Get ready for the Santa Claus rally?
Unless we get an ugly accident, e.g. very ugly Chinese developments or unexpected bout of Fed hawkishness, my base case continues to be a continuation of the stock market uptrend we have seen in 2013. That's because Mr. Market is still telling me that the US and possibly the global economy are undergoing a cyclical upturn.
Exhibit A is the relative performance of the Morgan Stanley Cyclical Index against the market, which remains in a solid relative uptrend.
The positive relative performance of cyclical stocks is seen mainly in the relative performance of the capital goods heavy Industrial sector...
...and the Consumer Discretionary sector:
Surprisingly, the relative strength of cyclical stocks have not extended to deep cyclical sectors such as mining, possibly because of market caution over the outlook for Chinese growth.
The sailing ahead isn't all smooth, however. The positive relative uptrends seen in the Industrial sector has not been confirmed outside the US. Non-US Industrial stocks recently staged a breach of a relative uptrend and appears to be undergoing a period of relative consolidation (note that these charts are all in USD so any currency effects are removed):
Similarly, the relative performance of Non-US Consumer Discretionary stocks exhibit a minor, but unconfirmed, violation of its relative uptrend:
My main takeaway from studying these charts and indicators is that we are poised for a brief period of shallow weakness in equities. Barring any serious mishaps, stock investors should be positioned for a Santa Claus rally into year-end.
Disclaimer: Cam Hui is a portfolio manager at Qwest Investment Fund Management Ltd. ("Qwest"). This article is prepared by Mr. Hui as an outside business activity. As such, Qwest does not review or approve materials presented herein. The opinions and any recommendations expressed in this blog are those of the author and do not reflect the opinions or recommendations of Qwest.

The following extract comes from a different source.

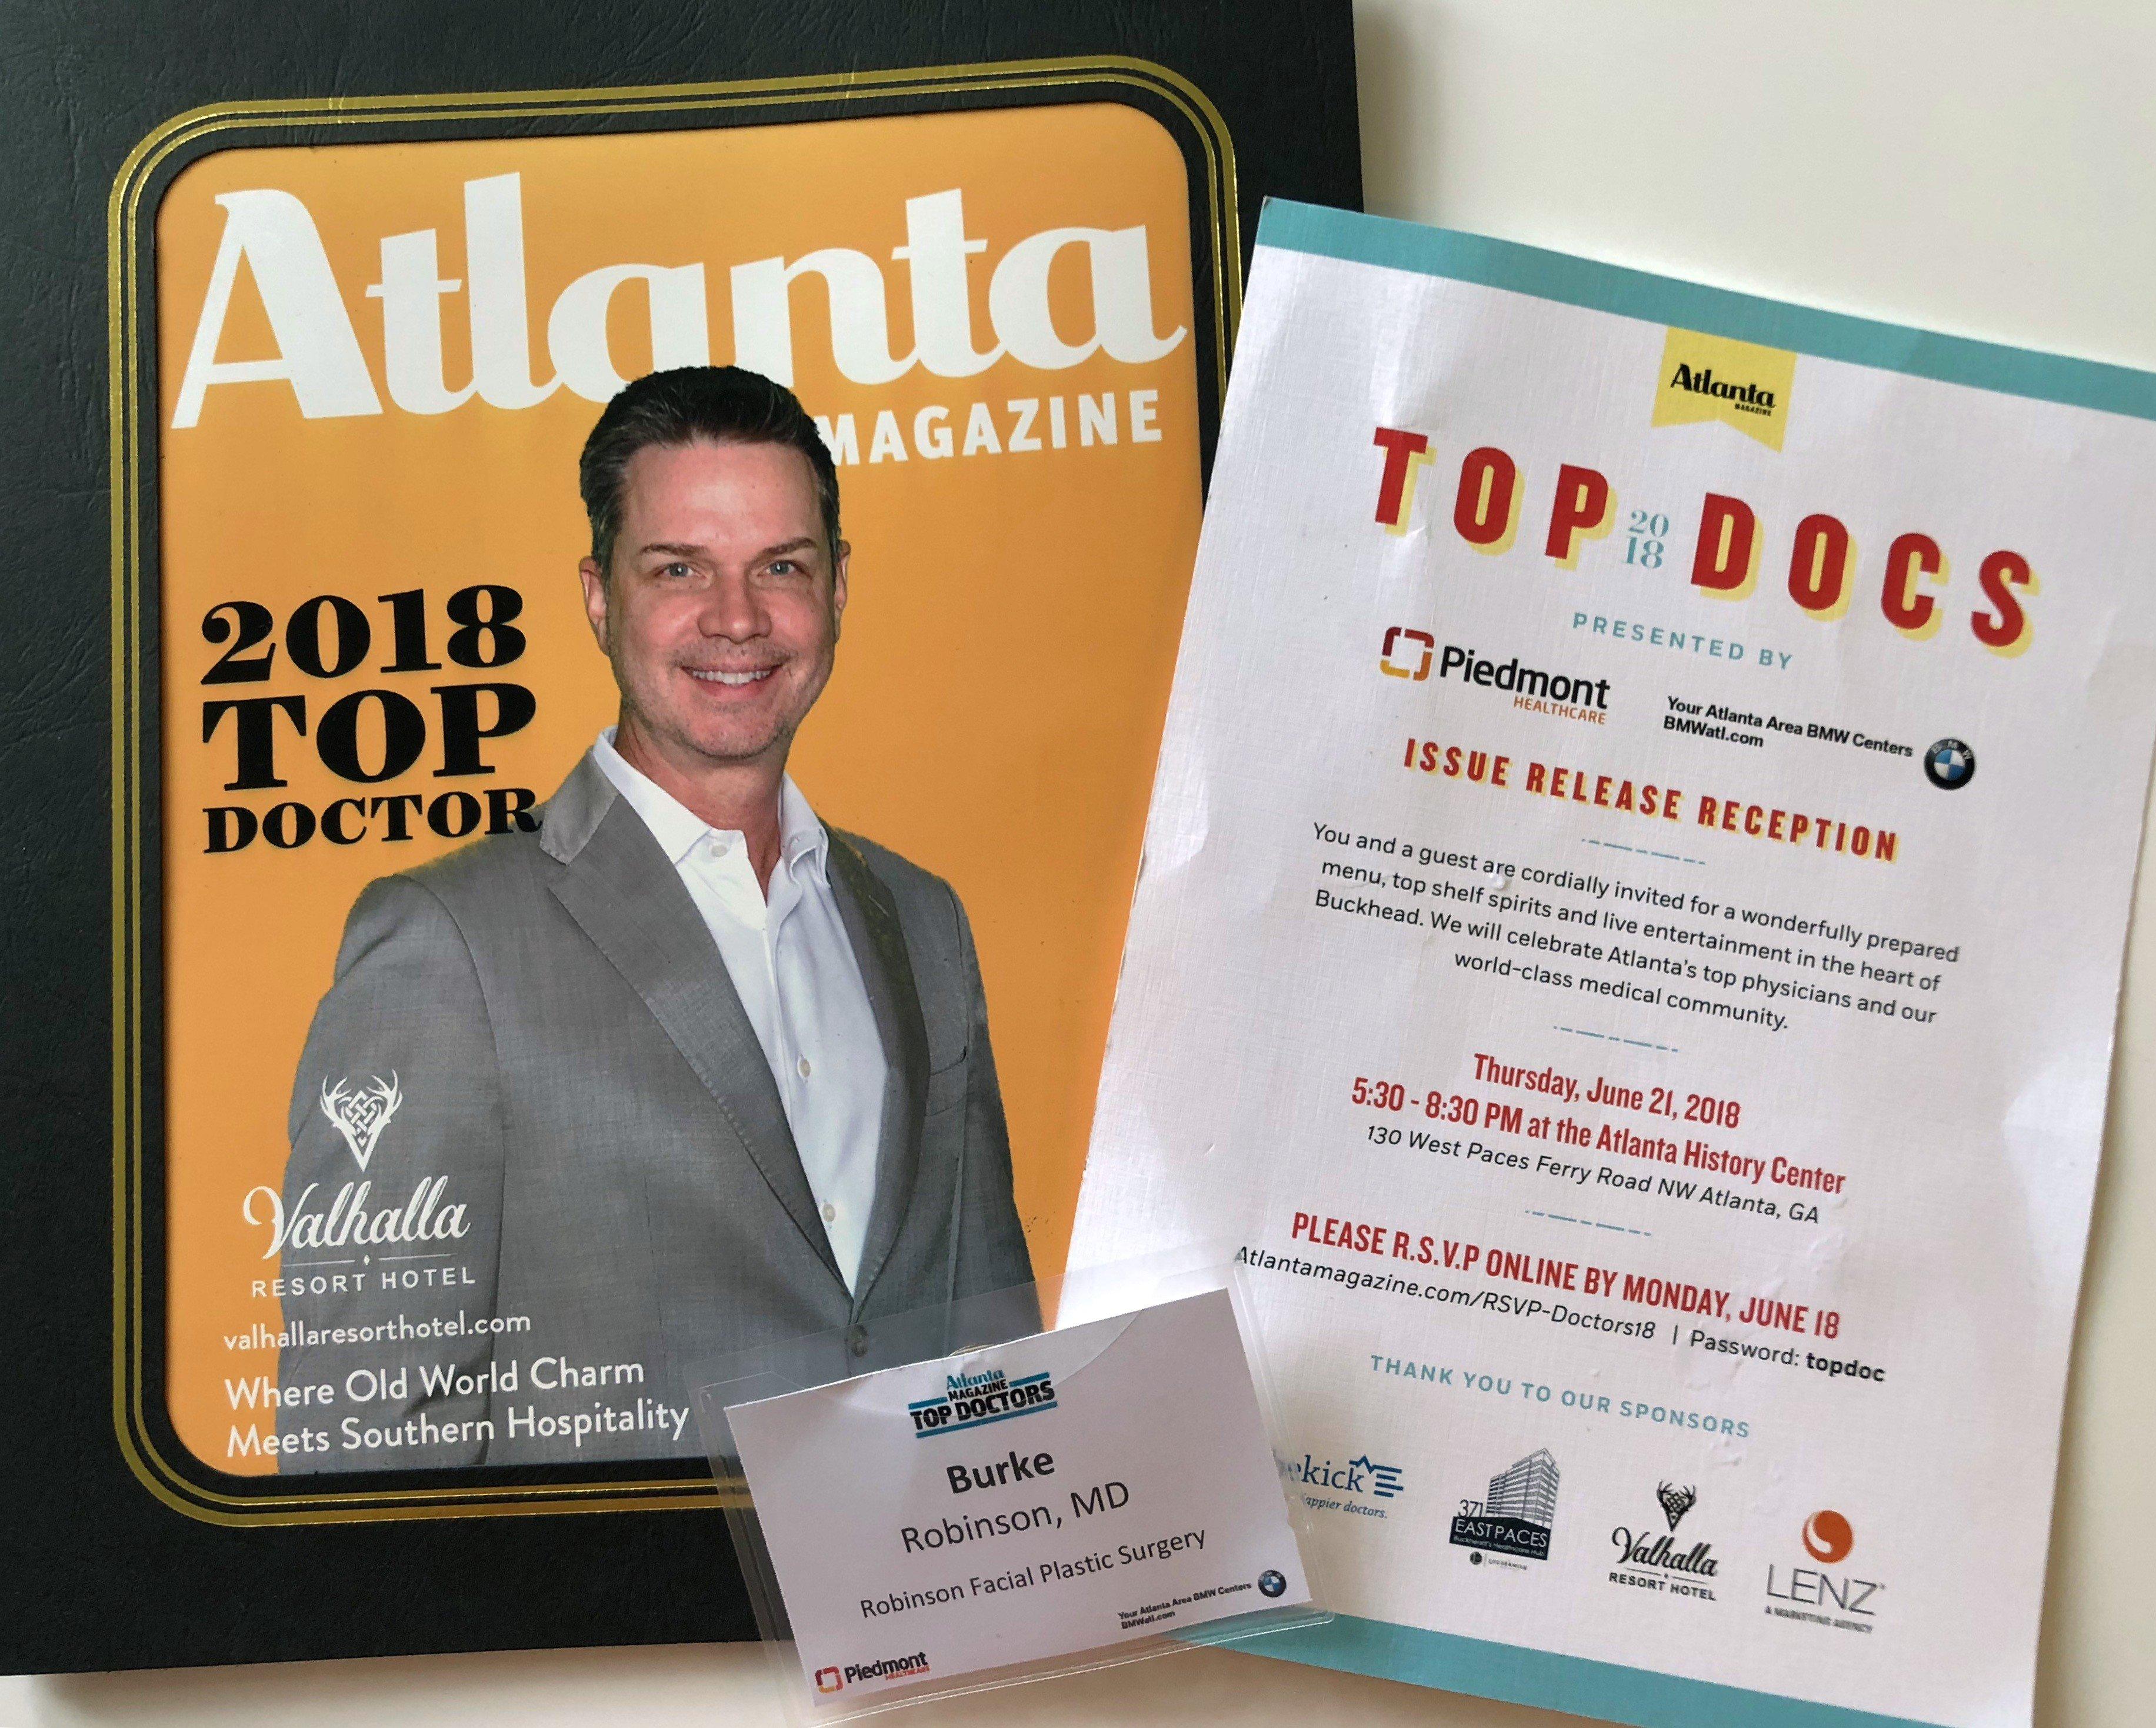 Atlanta Magazine Top Doctor 2018
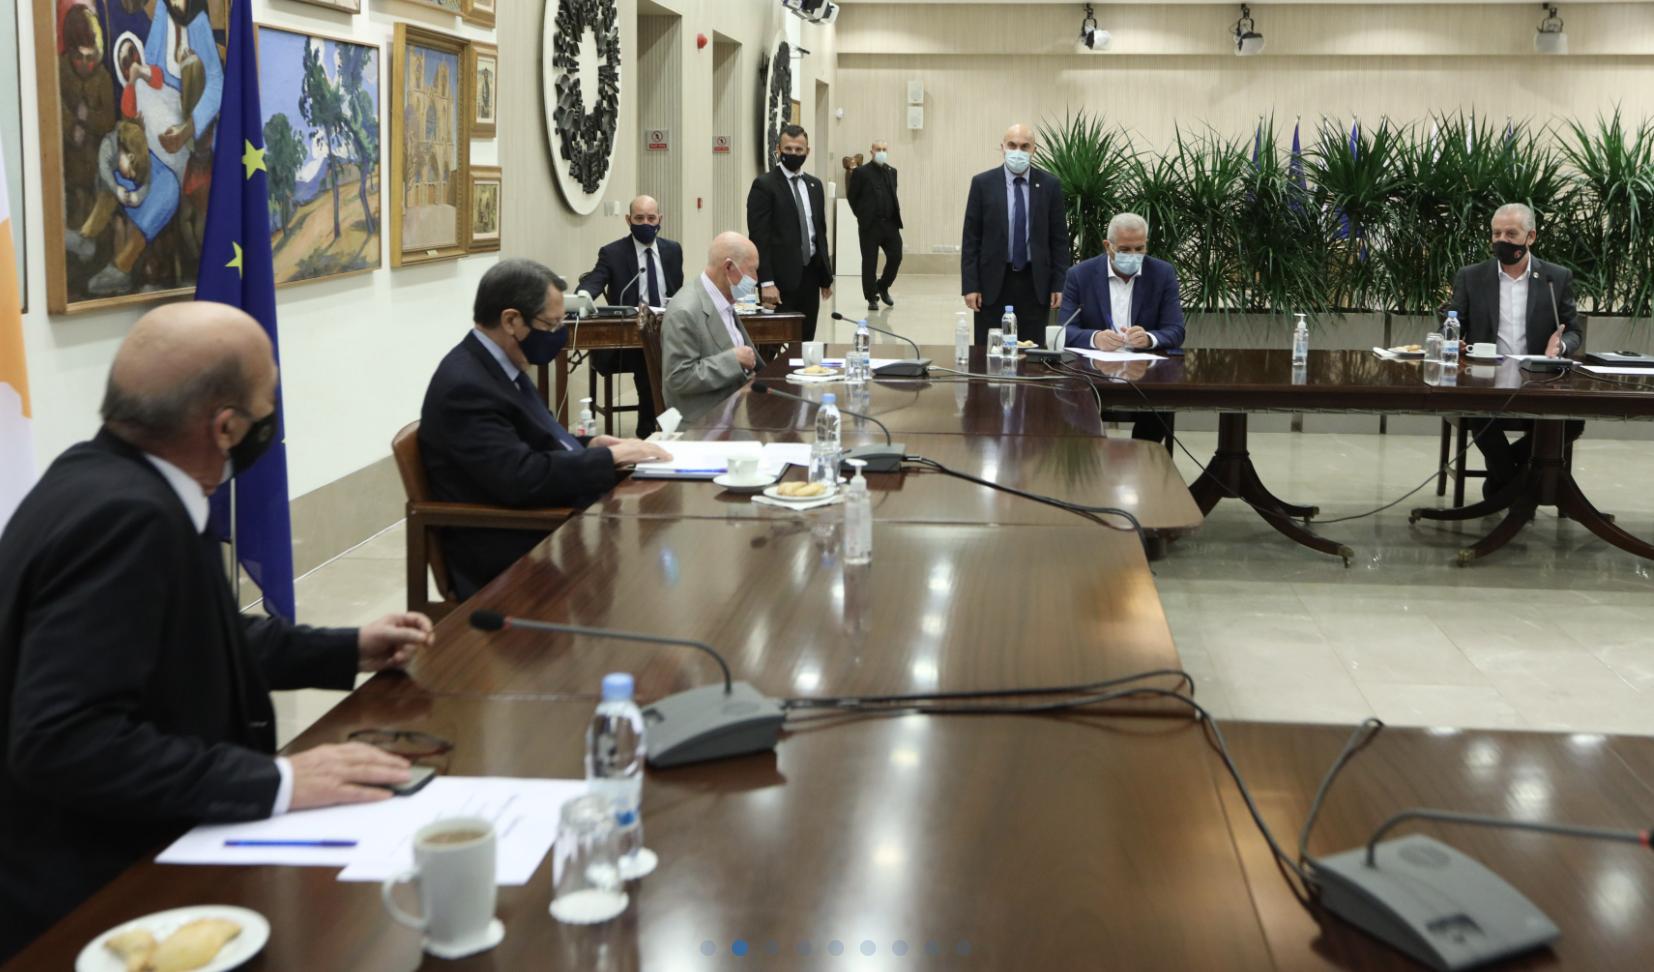 Cyprus: Anastasiades briefed political leaders on developments in Cyprus

None of the information or opinions expressed in this blog constitutes a solicitation for the purchase or sale of any security or other instrument. Nothing in this article constitutes investment advice and any recommendations that may be contained herein have not been based upon a consideration of the investment objectives, financial situation or particular needs of any specific recipient. Any purchase or sale activity in any securities or other instrument should be based upon your own analysis and conclusions. Past performance is not indicative of future results. Either Qwest or Mr. Hui may hold or control long or short positions in the securities or instruments mentioned.